━━ DATA
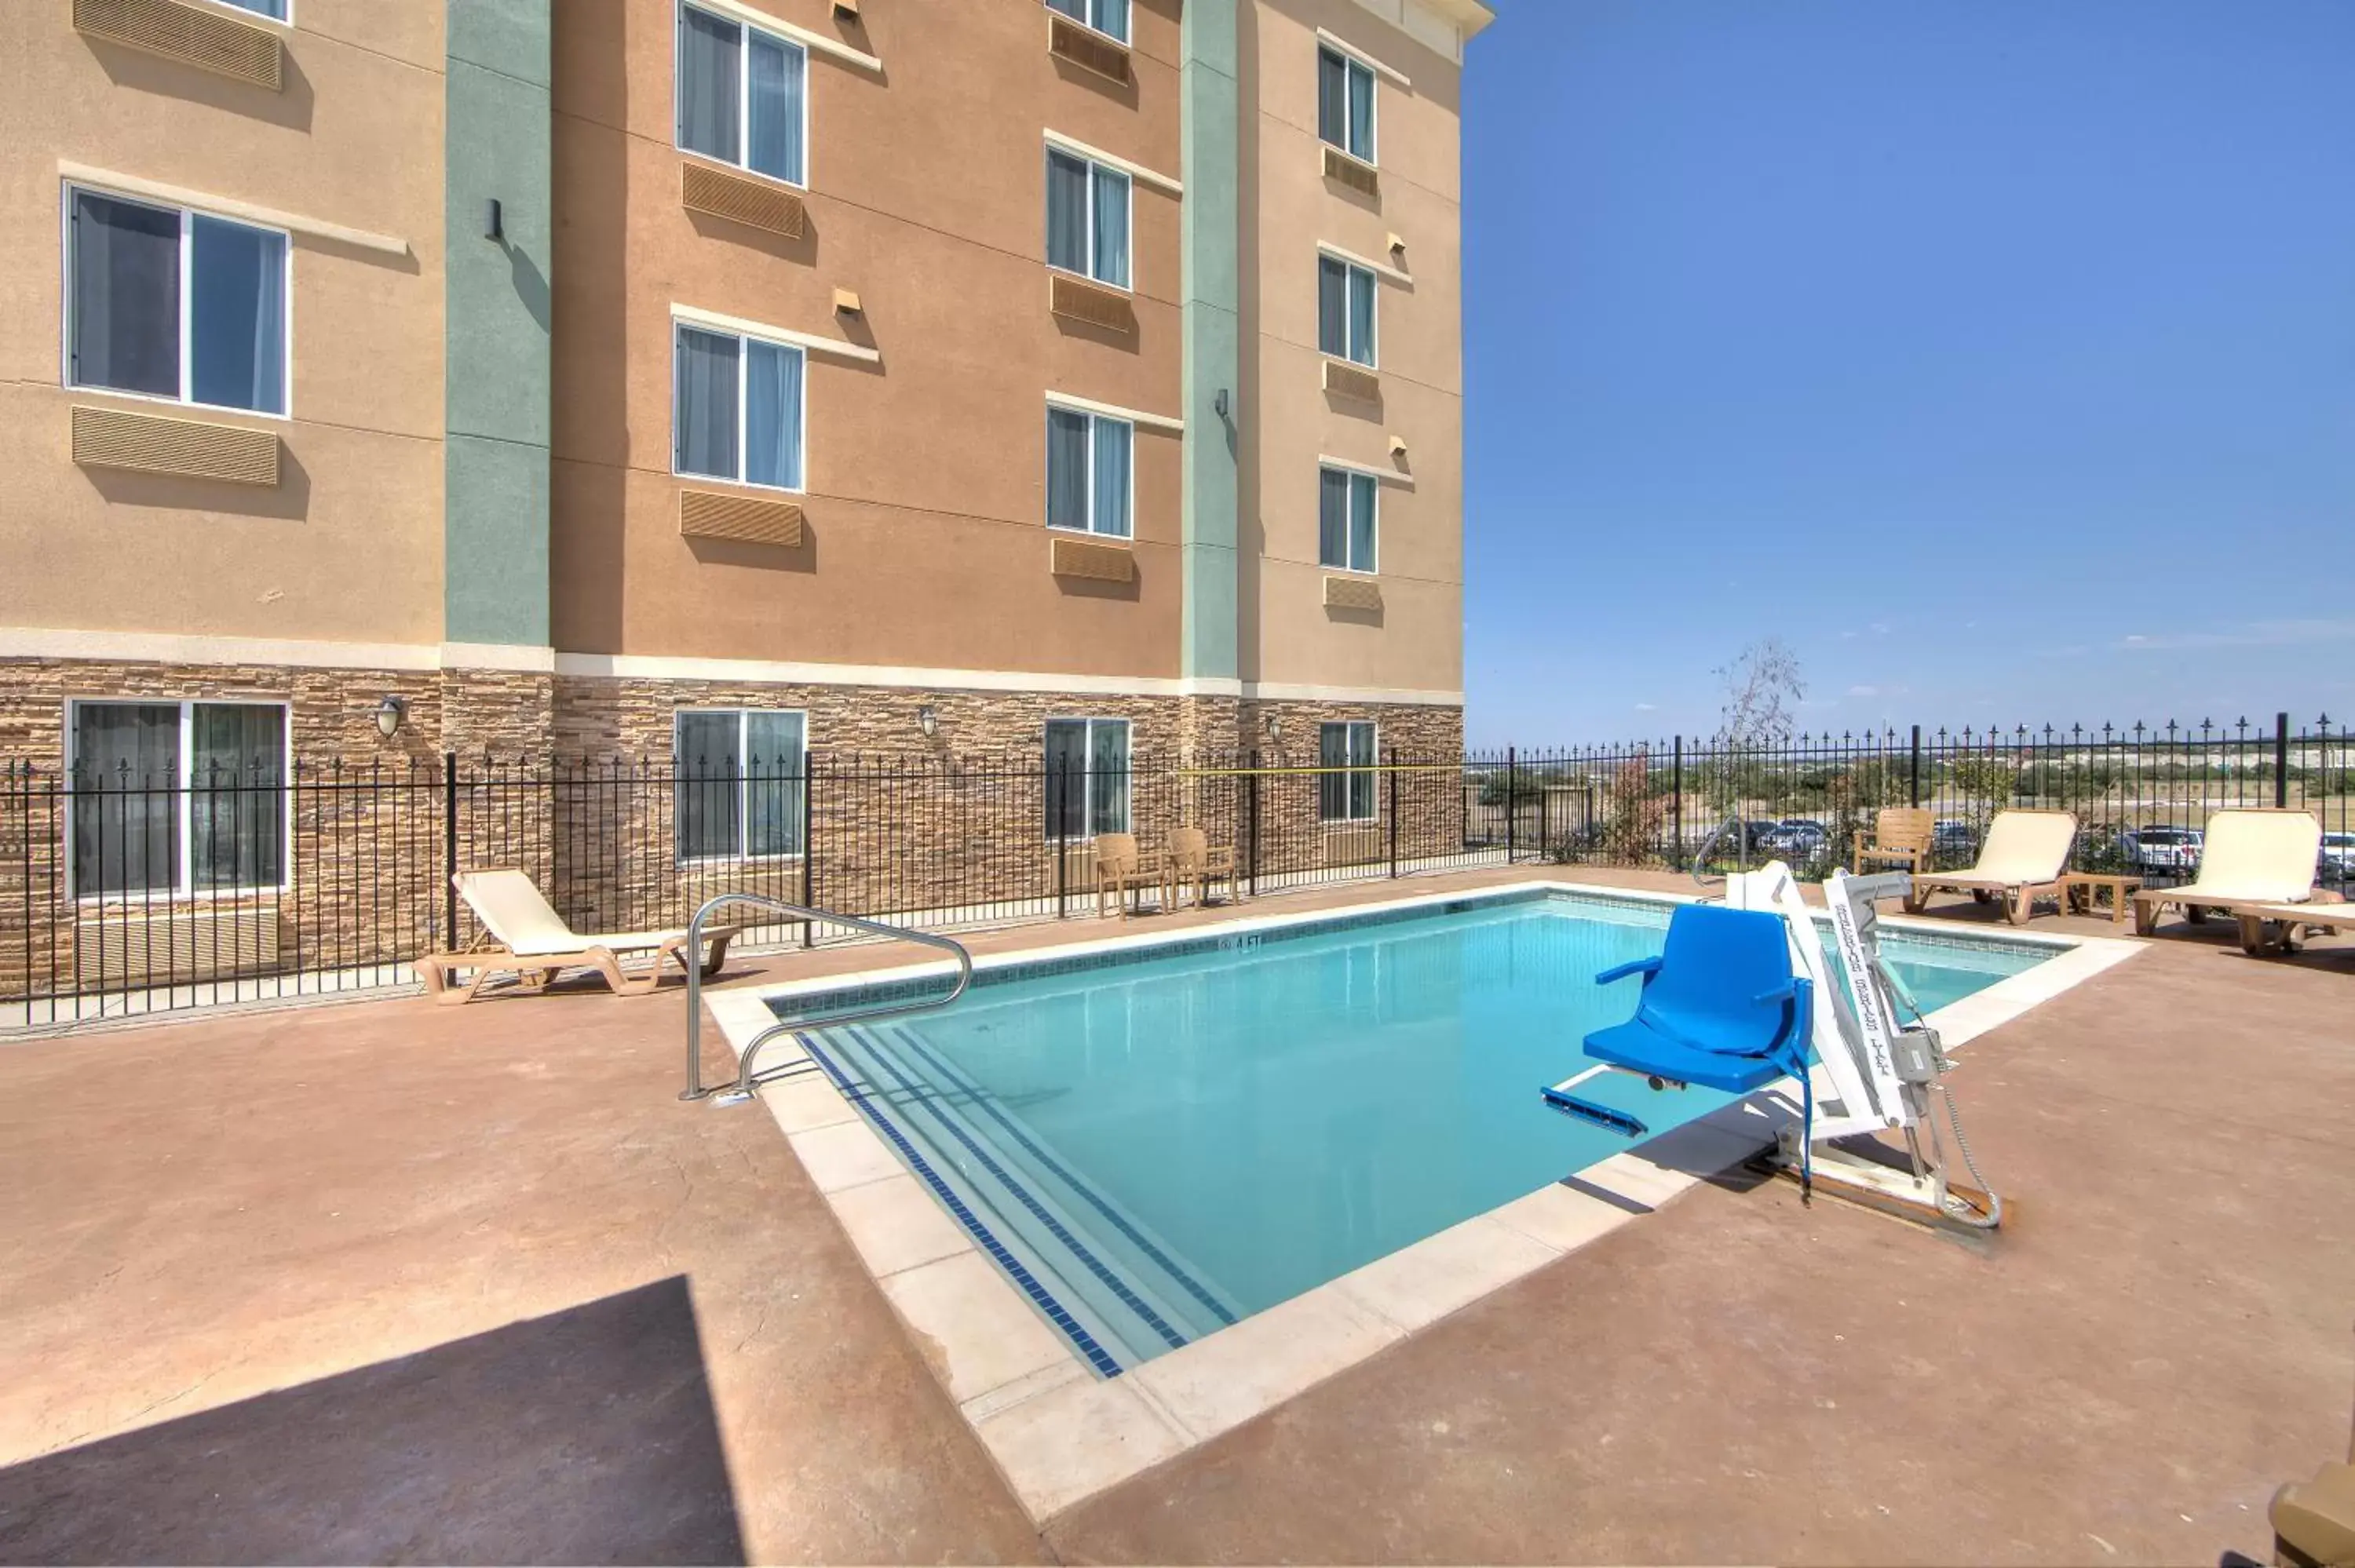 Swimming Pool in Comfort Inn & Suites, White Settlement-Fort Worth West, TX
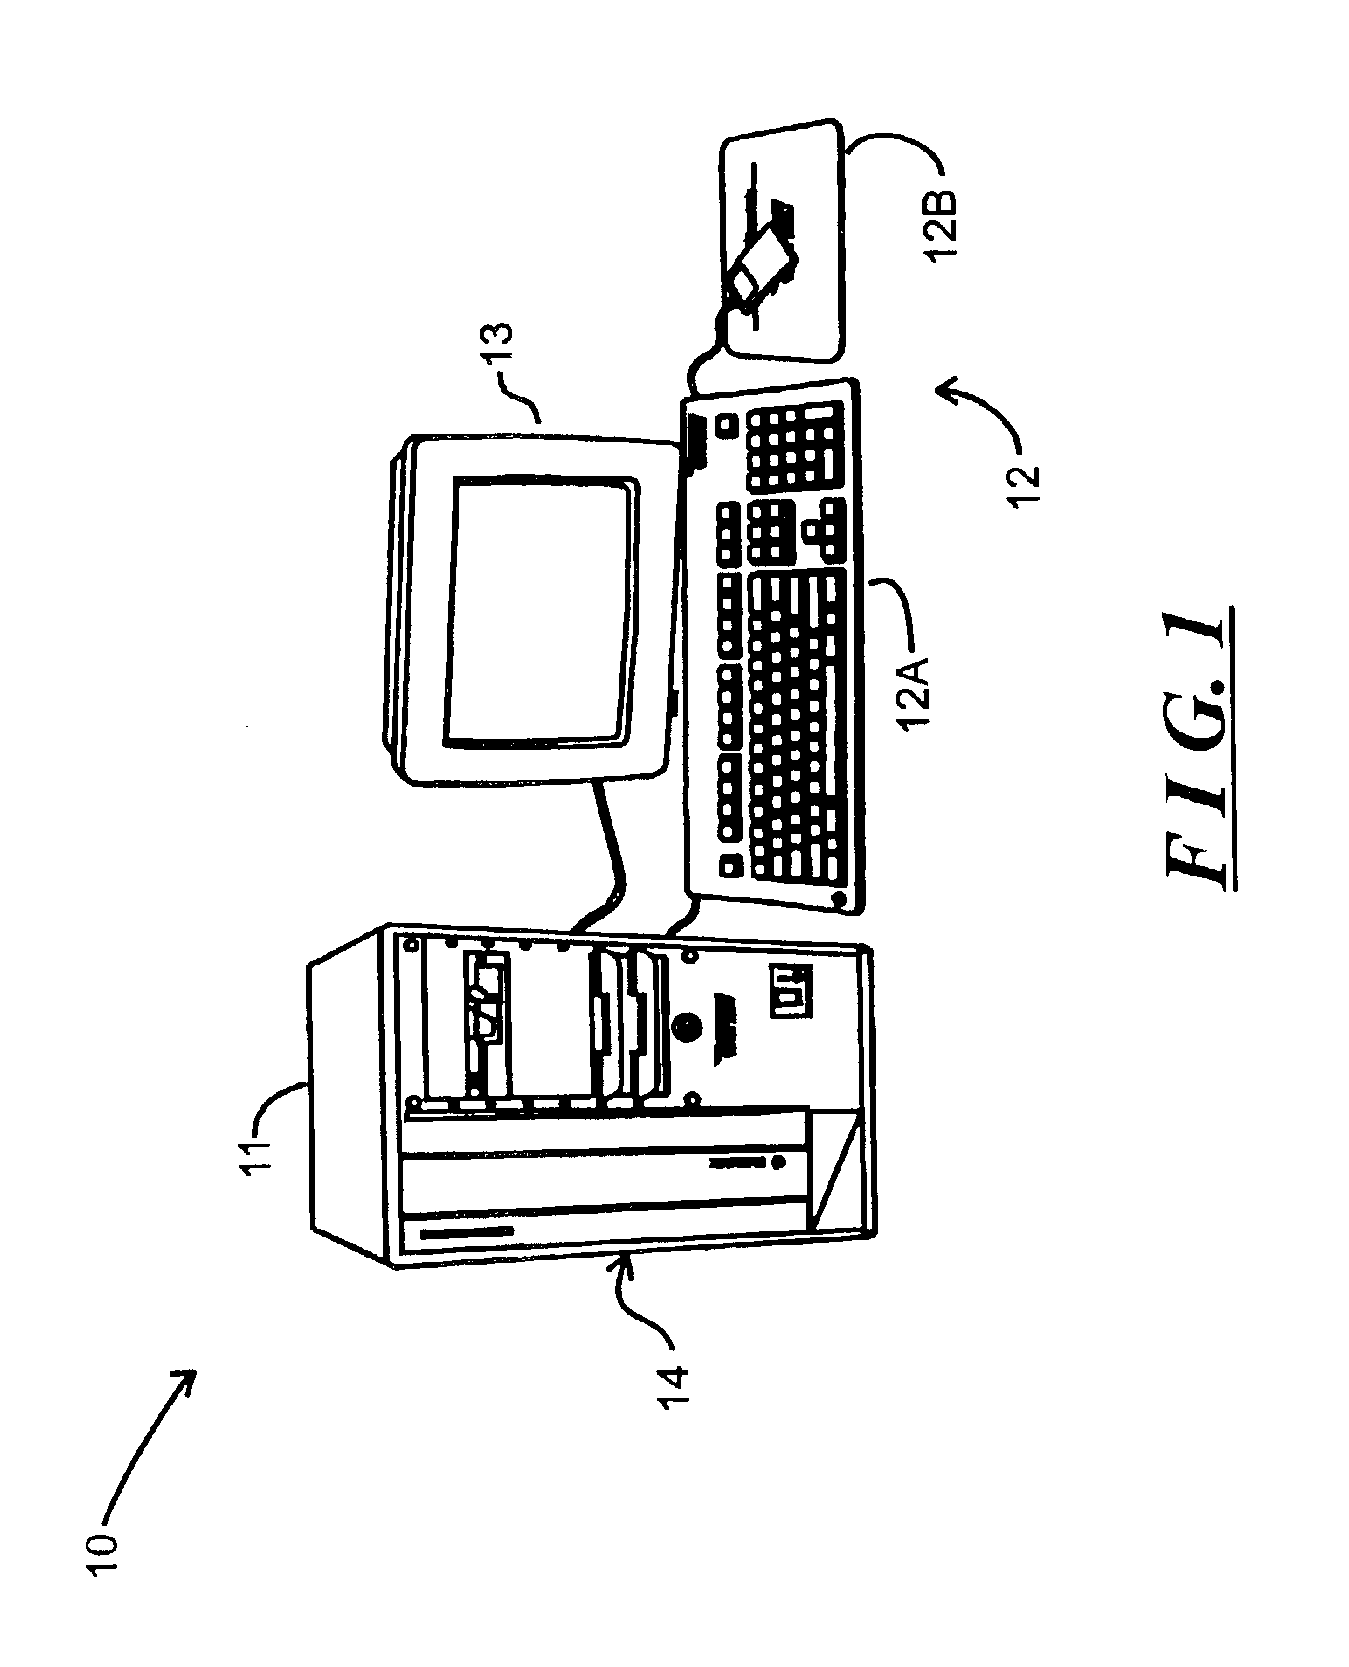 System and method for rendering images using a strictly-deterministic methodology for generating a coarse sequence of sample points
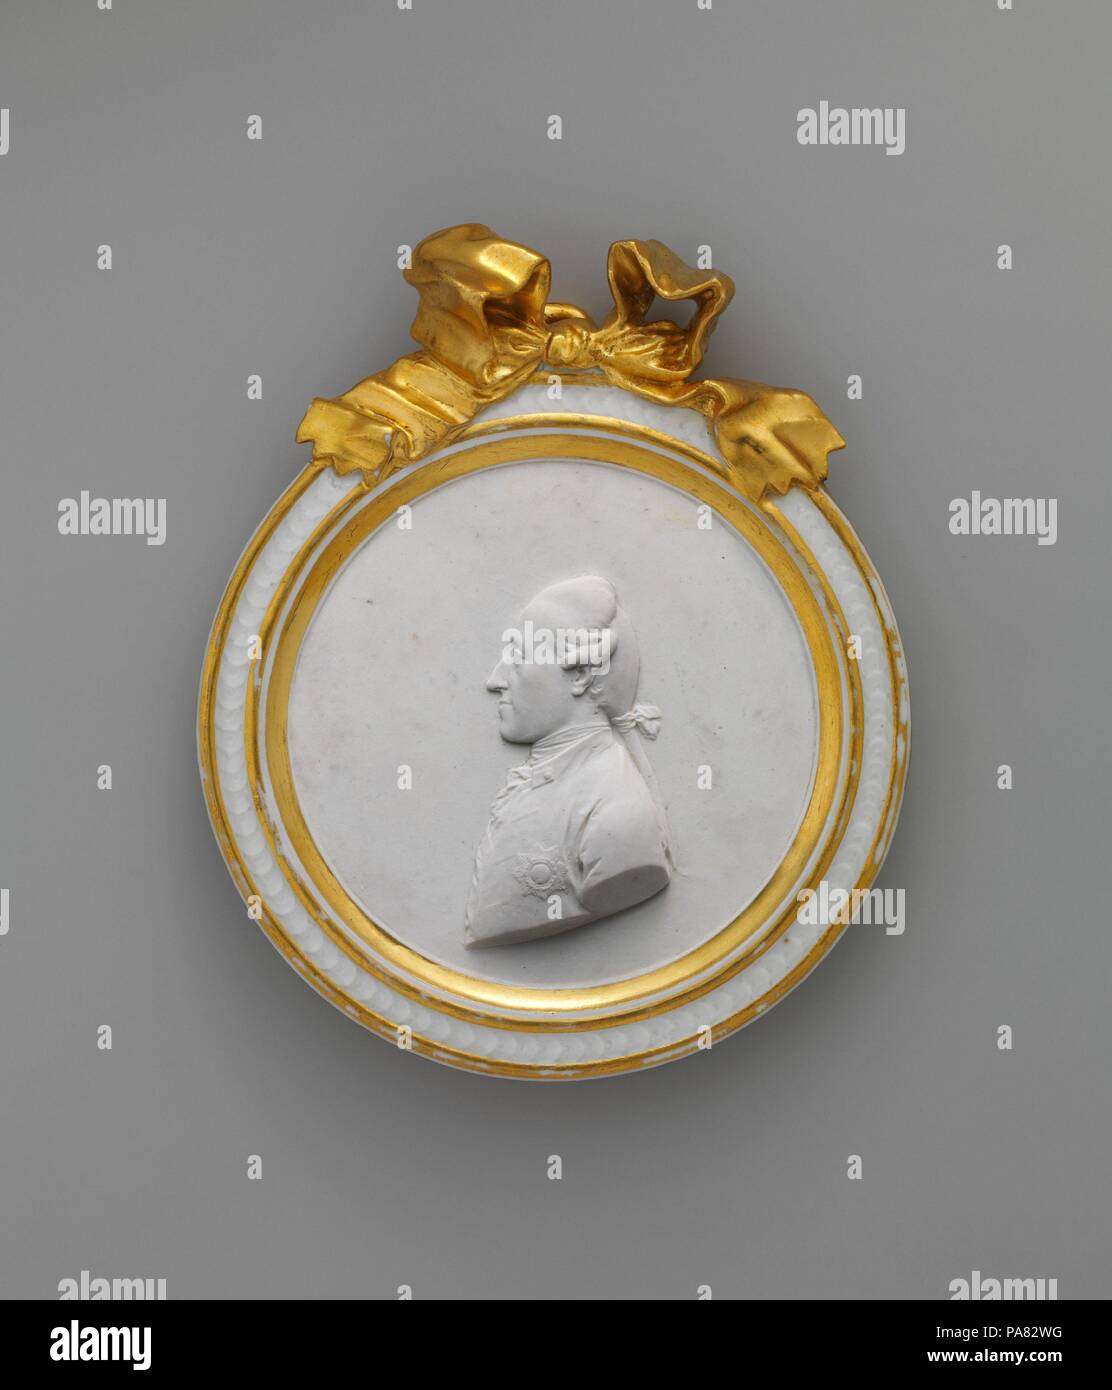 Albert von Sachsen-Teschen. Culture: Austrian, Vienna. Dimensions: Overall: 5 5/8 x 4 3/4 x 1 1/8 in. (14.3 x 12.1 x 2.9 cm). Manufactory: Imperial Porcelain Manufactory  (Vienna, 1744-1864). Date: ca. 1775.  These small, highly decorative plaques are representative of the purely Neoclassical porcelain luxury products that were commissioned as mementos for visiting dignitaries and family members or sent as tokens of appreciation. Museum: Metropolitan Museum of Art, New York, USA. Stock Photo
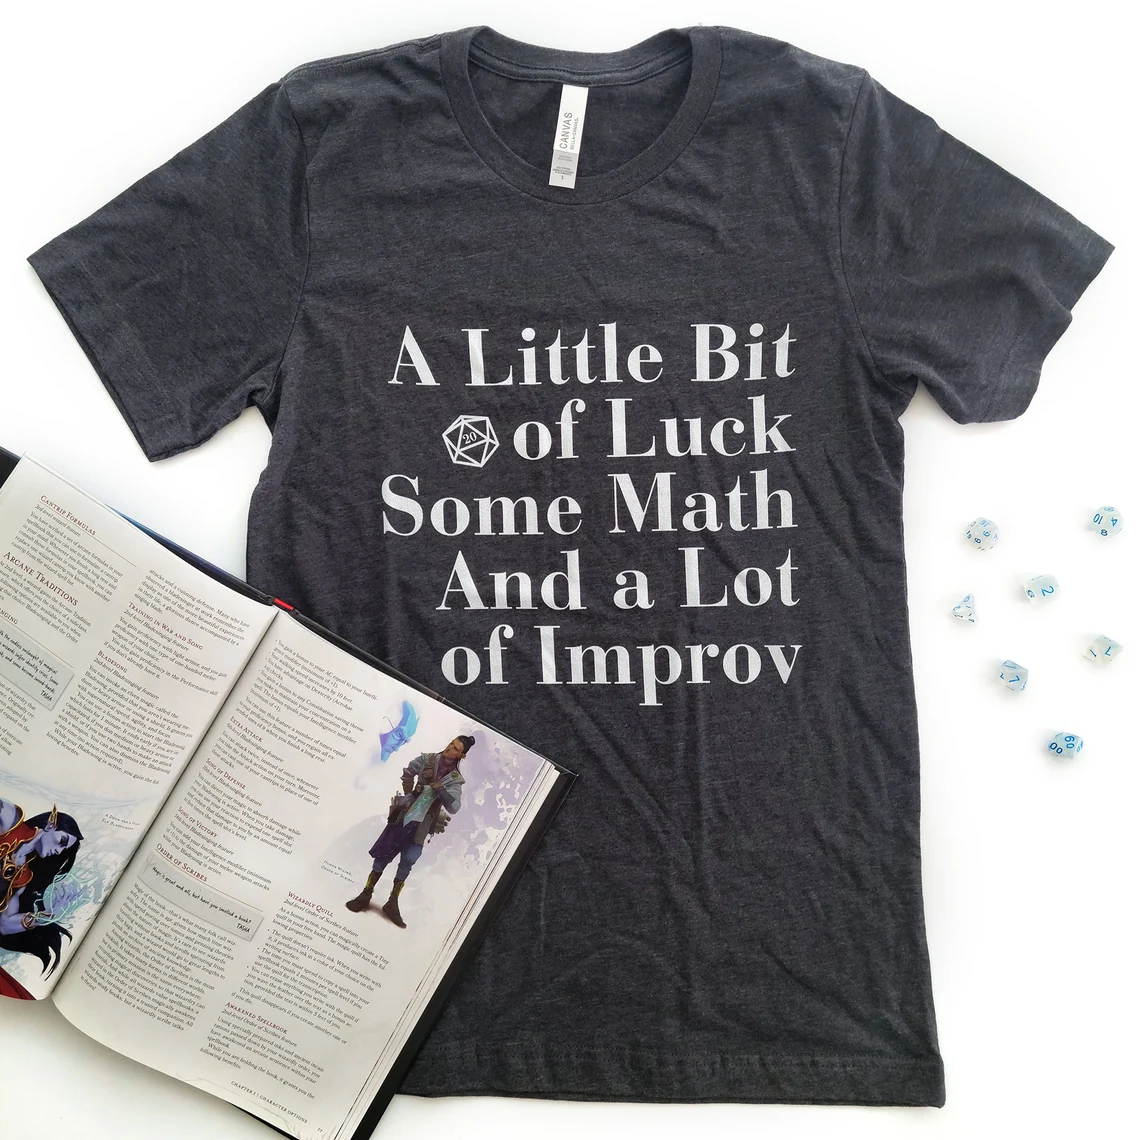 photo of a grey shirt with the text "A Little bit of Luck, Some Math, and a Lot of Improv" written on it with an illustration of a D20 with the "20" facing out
━━━━
◆ GOAL OF THE EXERCISE ◆
Print the listing word for word, but omit the pictures.

◆ ANSWER TO THE EXERCISE ◆
 Swimming Pool in Comfort Inn & Suites, White Settlement-Fort Worth West, TX
 System and method for rendering images using a strictly-deterministic methodology for generating a coarse sequence of sample points
 Albert von Sachsen-Teschen. Culture: Austrian, Vienna. Dimensions: Overall: 5 5/8 x 4 3/4 x 1 1/8 in. (14.3 x 12.1 x 2.9 cm). Manufactory: Imperial Porcelain Manufactory  (Vienna, 1744-1864). Date: ca. 1775.  These small, highly decorative plaques are representative of the purely Neoclassical porcelain luxury products that were commissioned as mementos for visiting dignitaries and family members or sent as tokens of appreciation. Museum: Metropolitan Museum of Art, New York, USA. Stock Photo
 photo of a grey shirt with the text "A Little bit of Luck, Some Math, and a Lot of Improv" written on it with an illustration of a D20 with the "20" facing out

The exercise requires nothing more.